▸ **Work to complete**:
From the first line of the listing below to the line containing "iPhone-6c-concept-renders-4", write out everything exactly. No pictures.

▸ **Supplied material**:
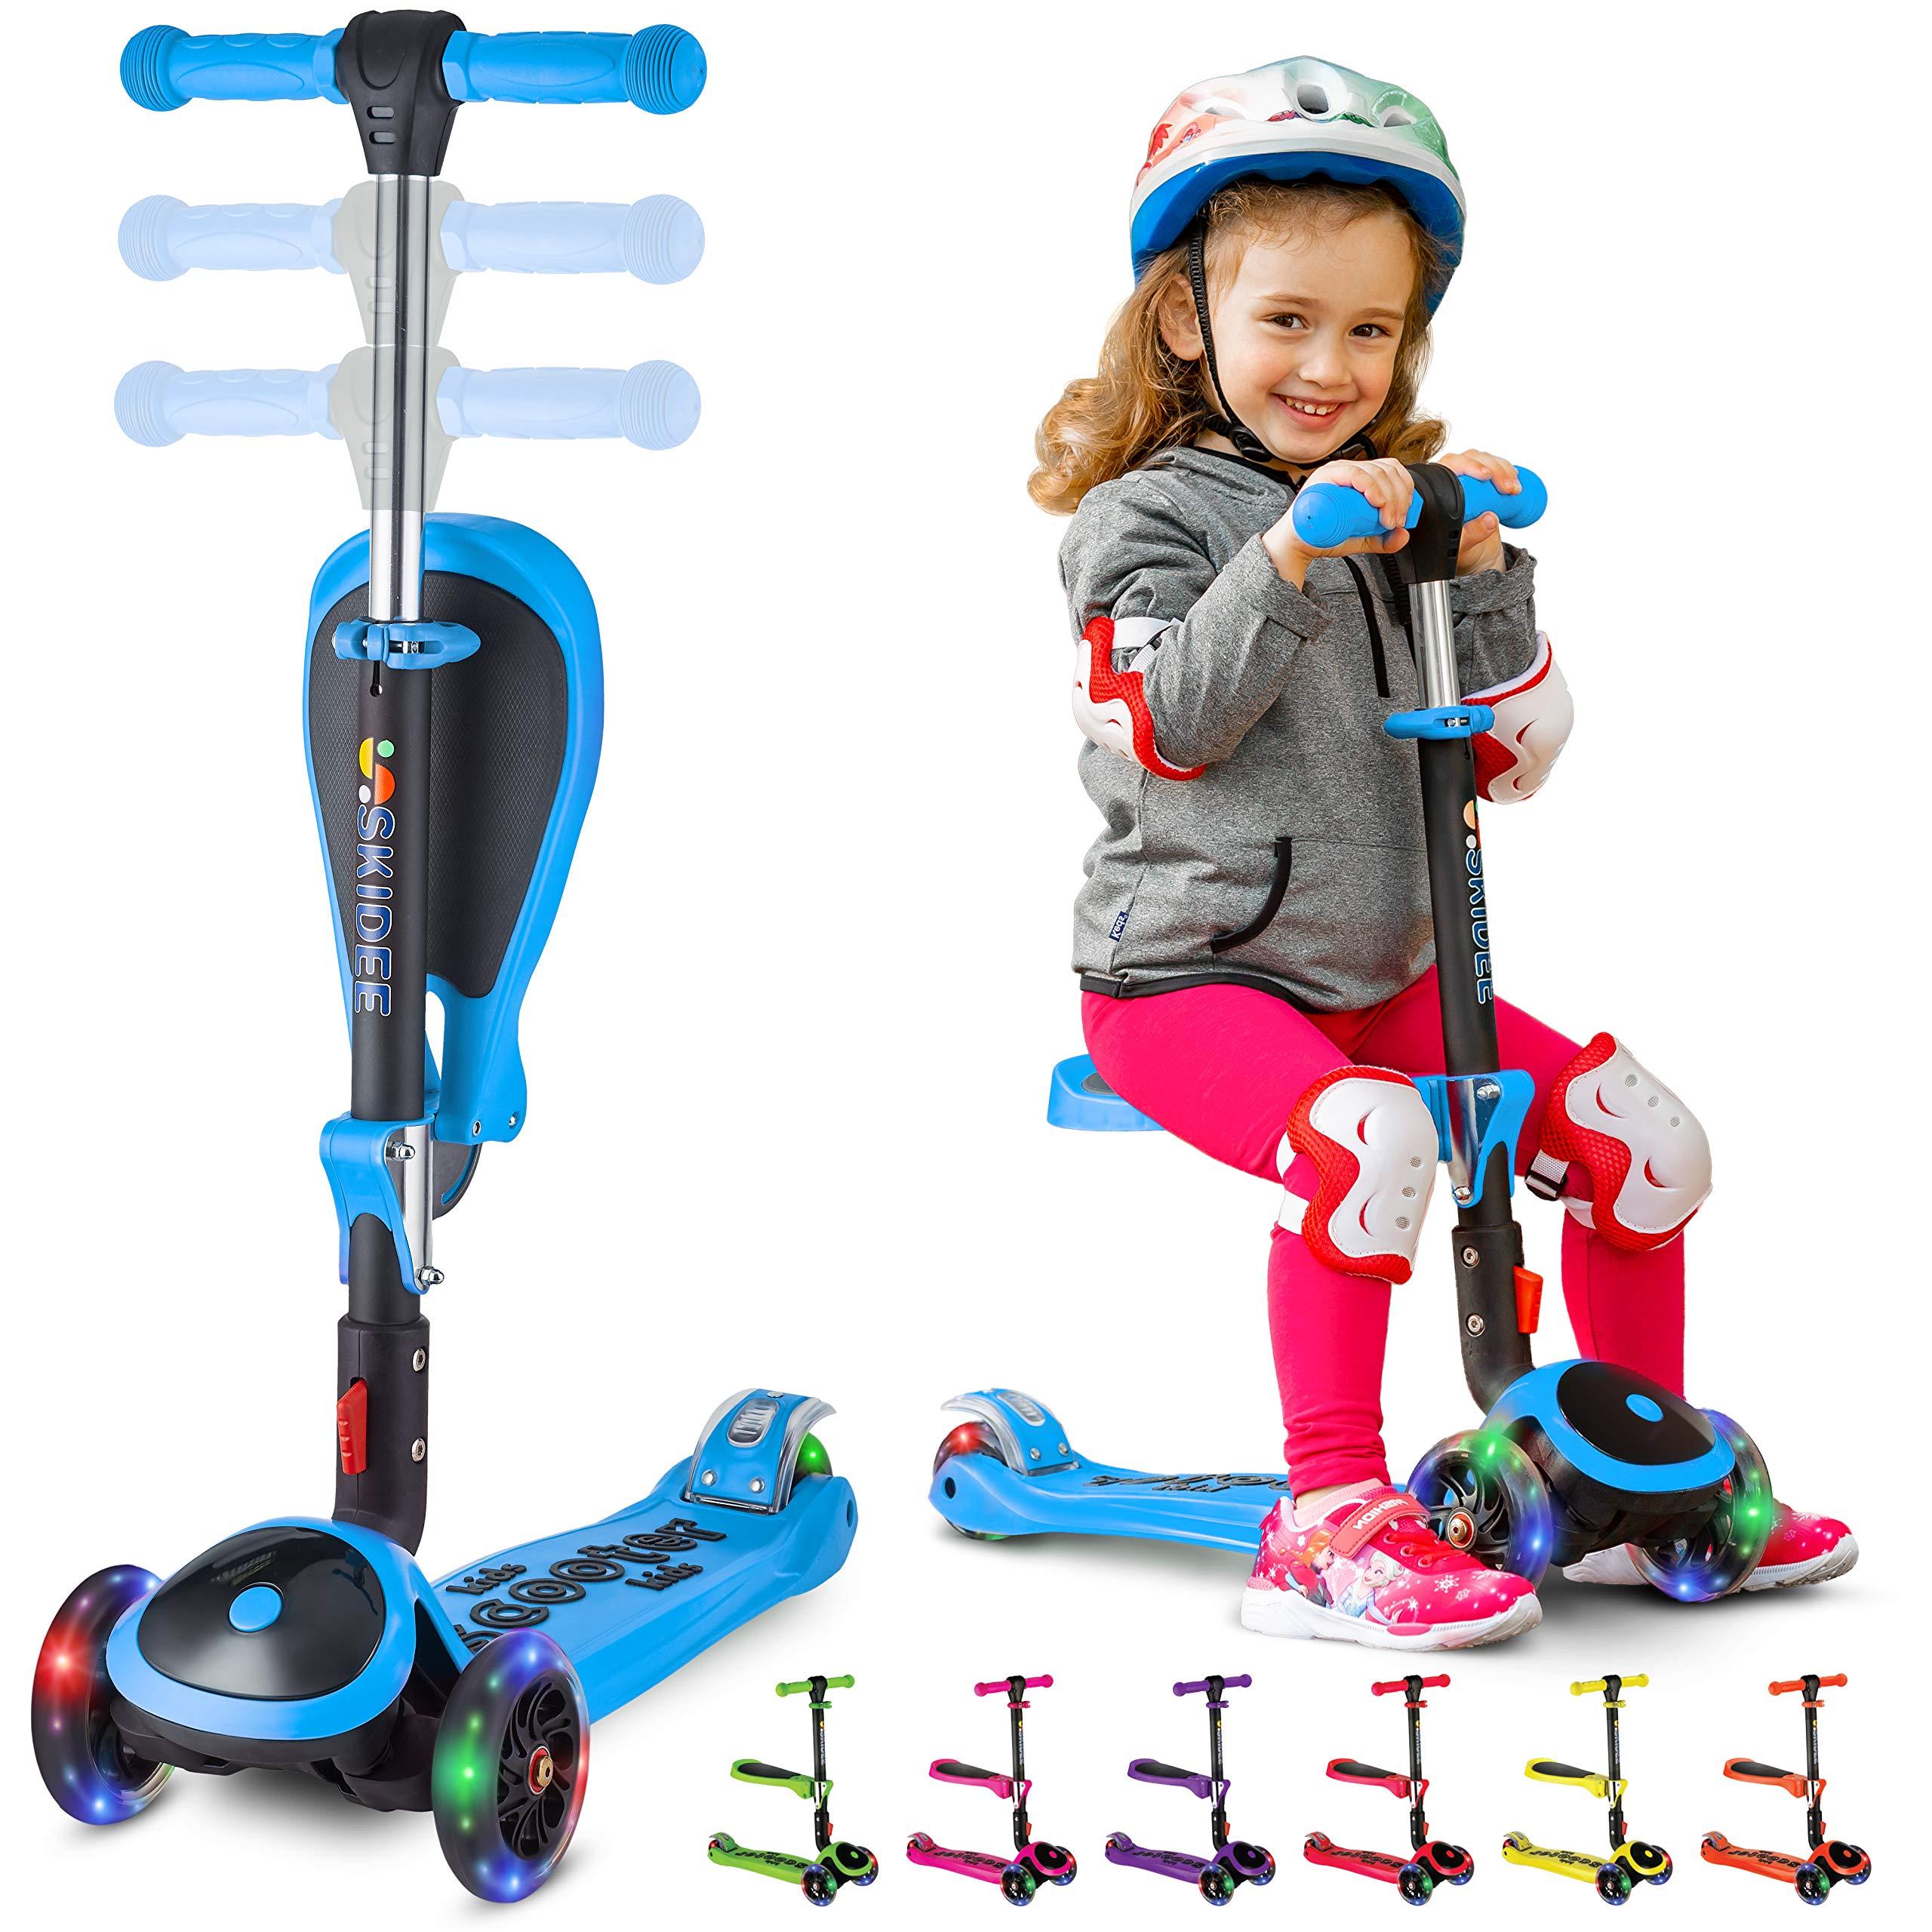 SKIDEE Scooter Kids Folding Seat
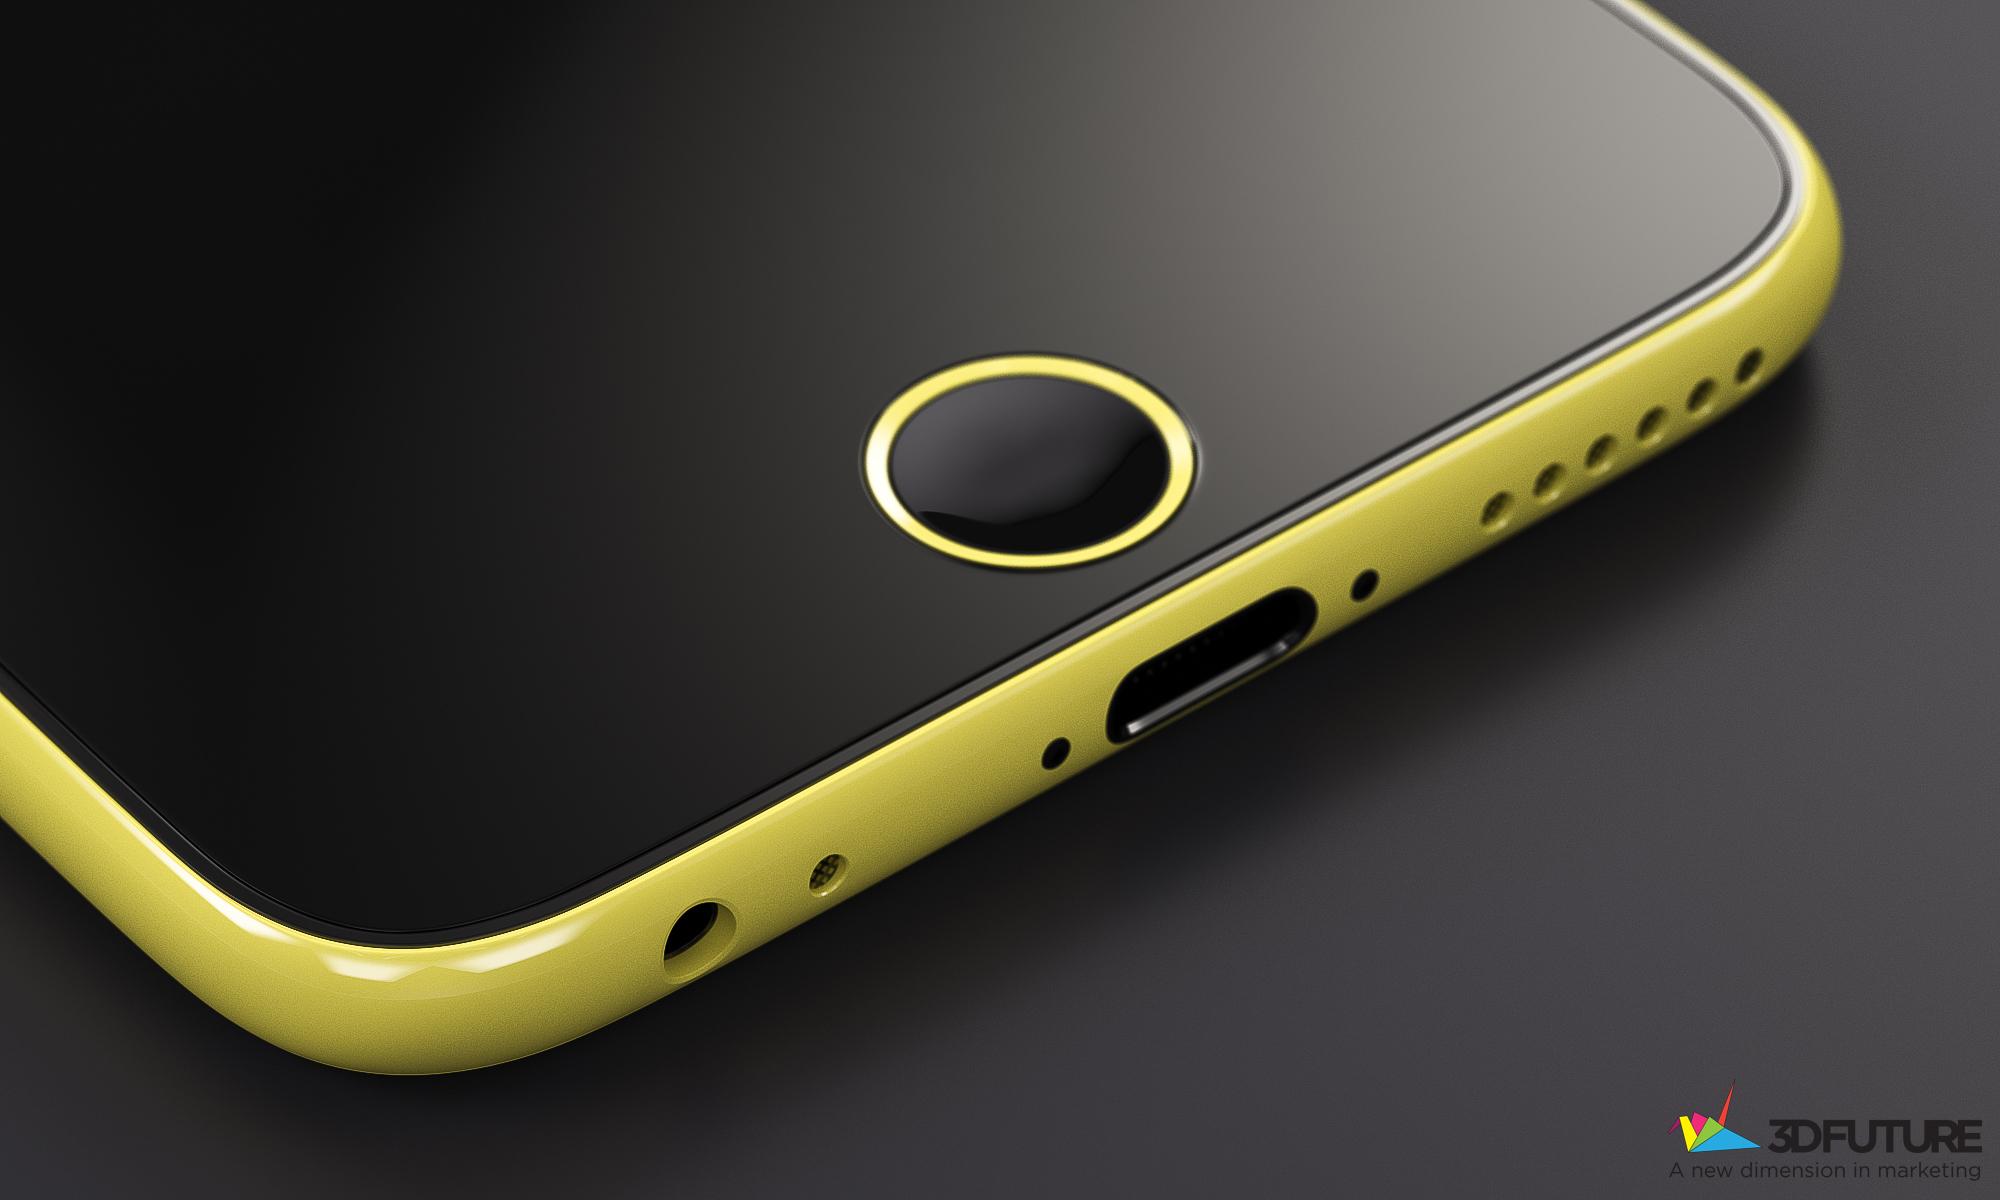 iPhone-6c-concept-renders-4
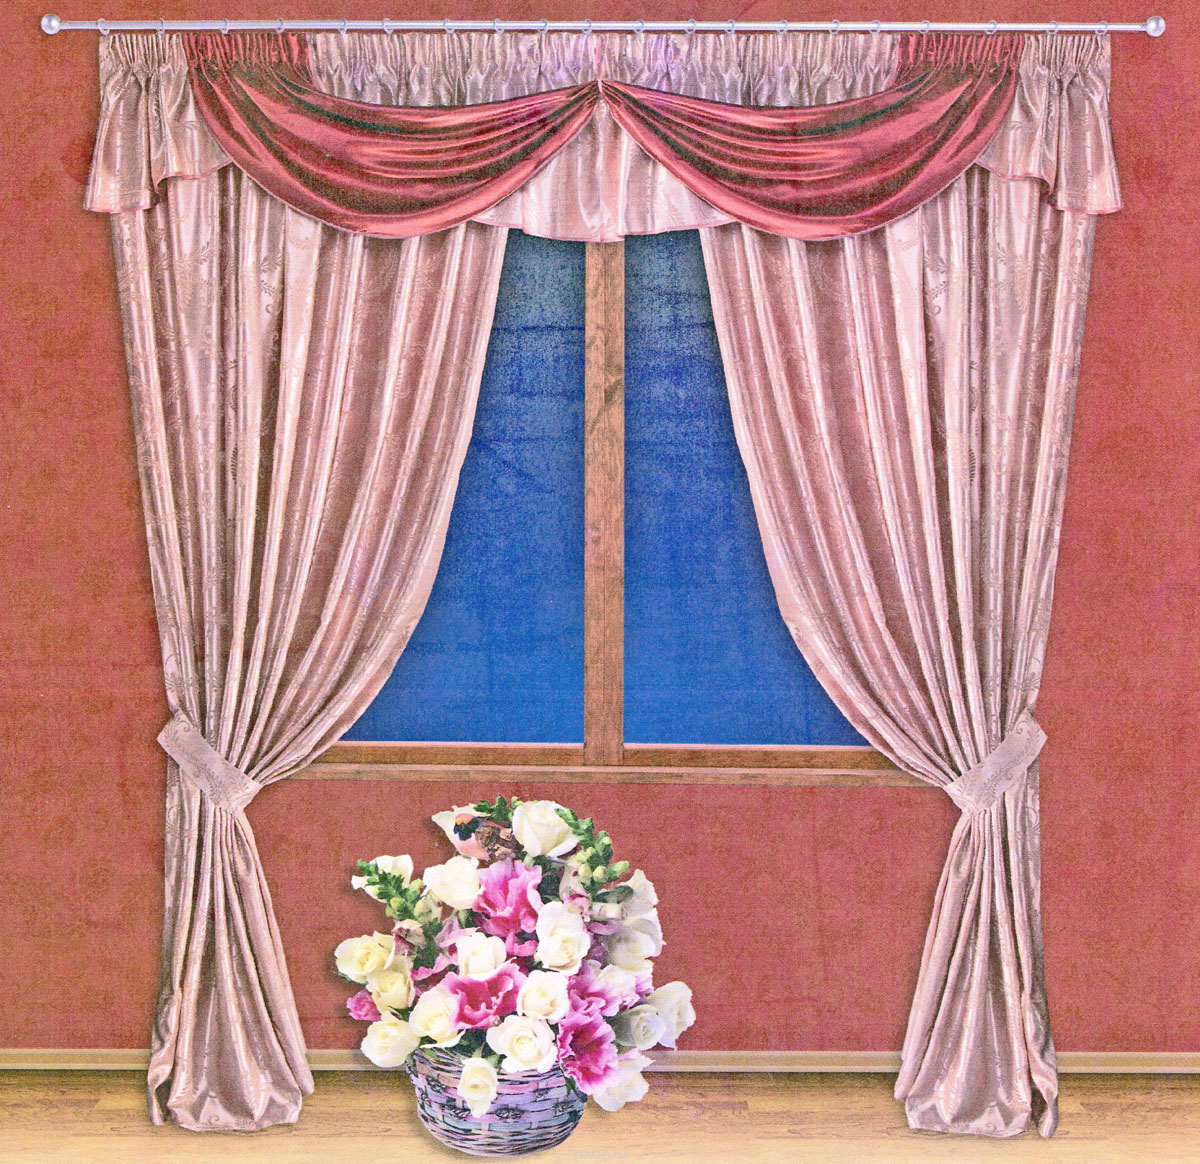 Комплект штор Zlata Korunka, на ленте, цвет: красный, бледно-розовый, высота 250 см. 5551220152-9Роскошный комплект штор Zlata Korunka, выполненный из ткани шанзализе, сатина и жаккарда (100% полиэстера), великолепно украсит любое окно. Комплект состоит из двух портьер, ламбрекена и двух подхватов. Плотная ткань, оригинальный орнамент и приятная, приглушенная гамма привлекут к себе внимание и органично впишутся в интерьер помещения. Комплект крепится на карниз при помощи шторной ленты, которая поможет красиво и равномерно задрапировать верх. Портьеры можно зафиксировать в одном положении с помощью двух подхватов. Этот комплект будет долгое время радовать вас и вашу семью! В комплект входит: Портьера: 2 шт. Размер (ШхВ): 200 см х 250 см. Ламбрекен: 1 шт. Размер (ШхВ): 450 см х 50 см.Подхват: 2 шт. Размер (ШхВ): 60 см х 10 см.
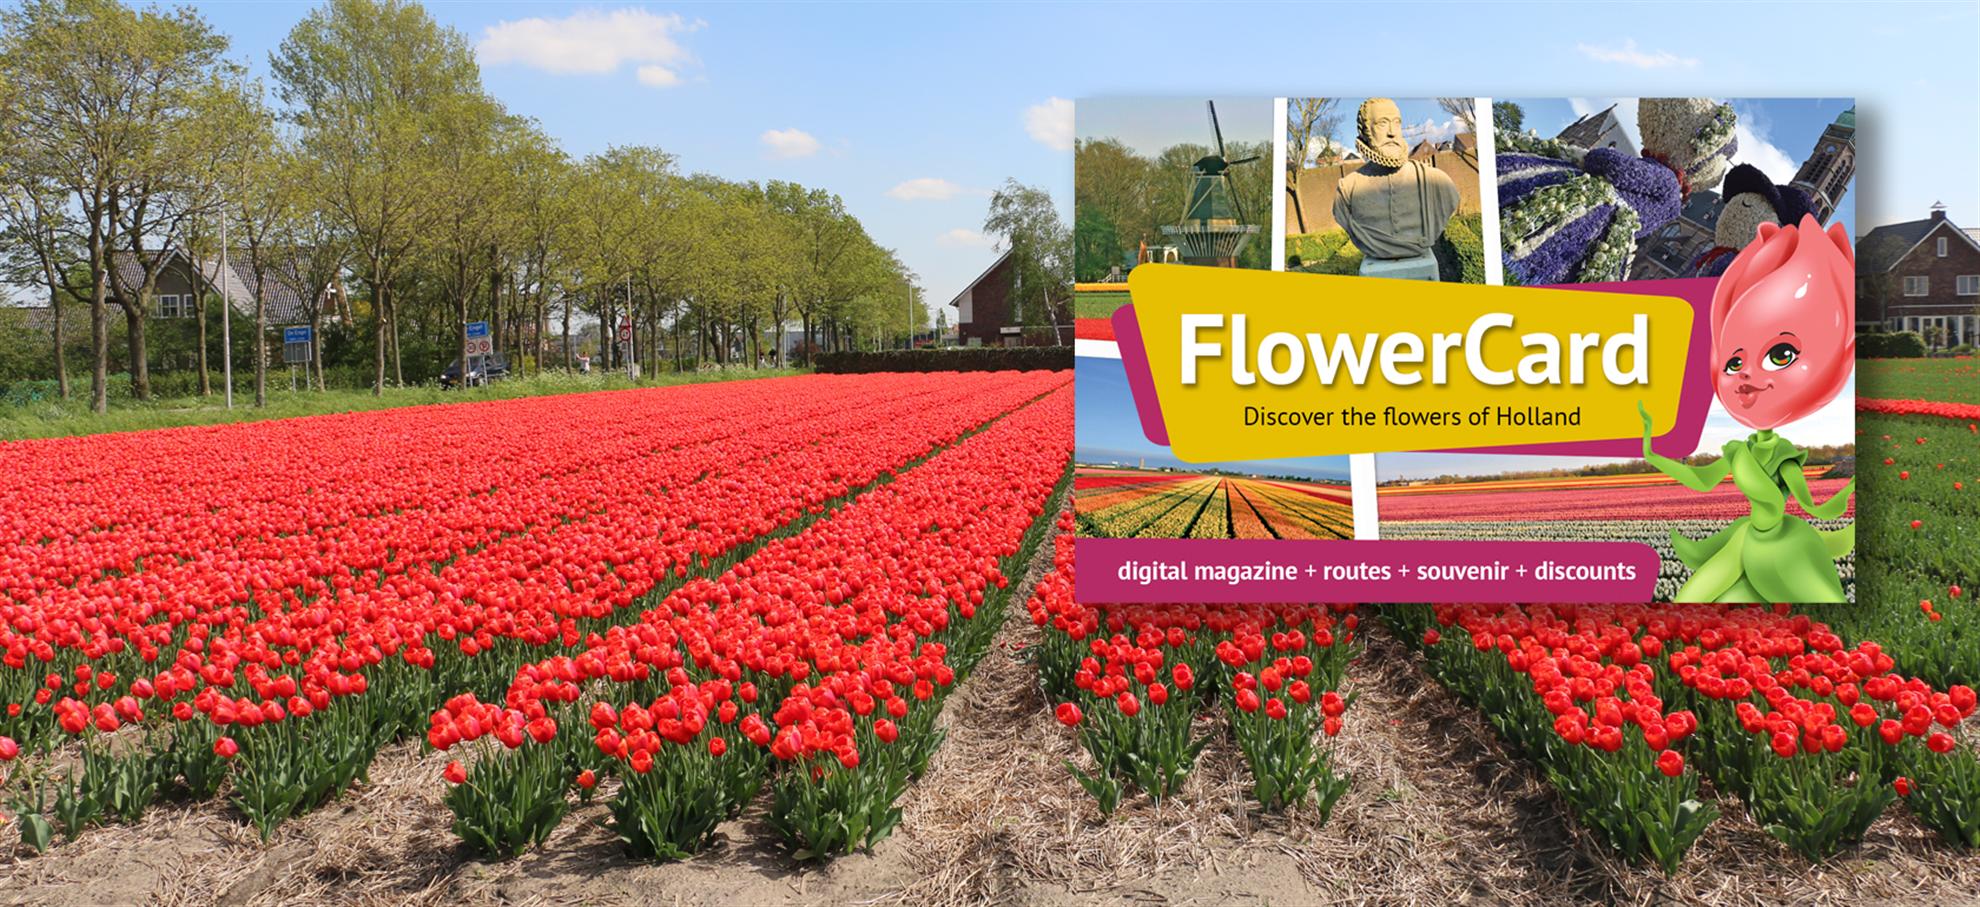 FlowerCard (Hors saison)

▸ **Exercise output**:
 SKIDEE Scooter Kids Folding Seat
 iPhone-6c-concept-renders-4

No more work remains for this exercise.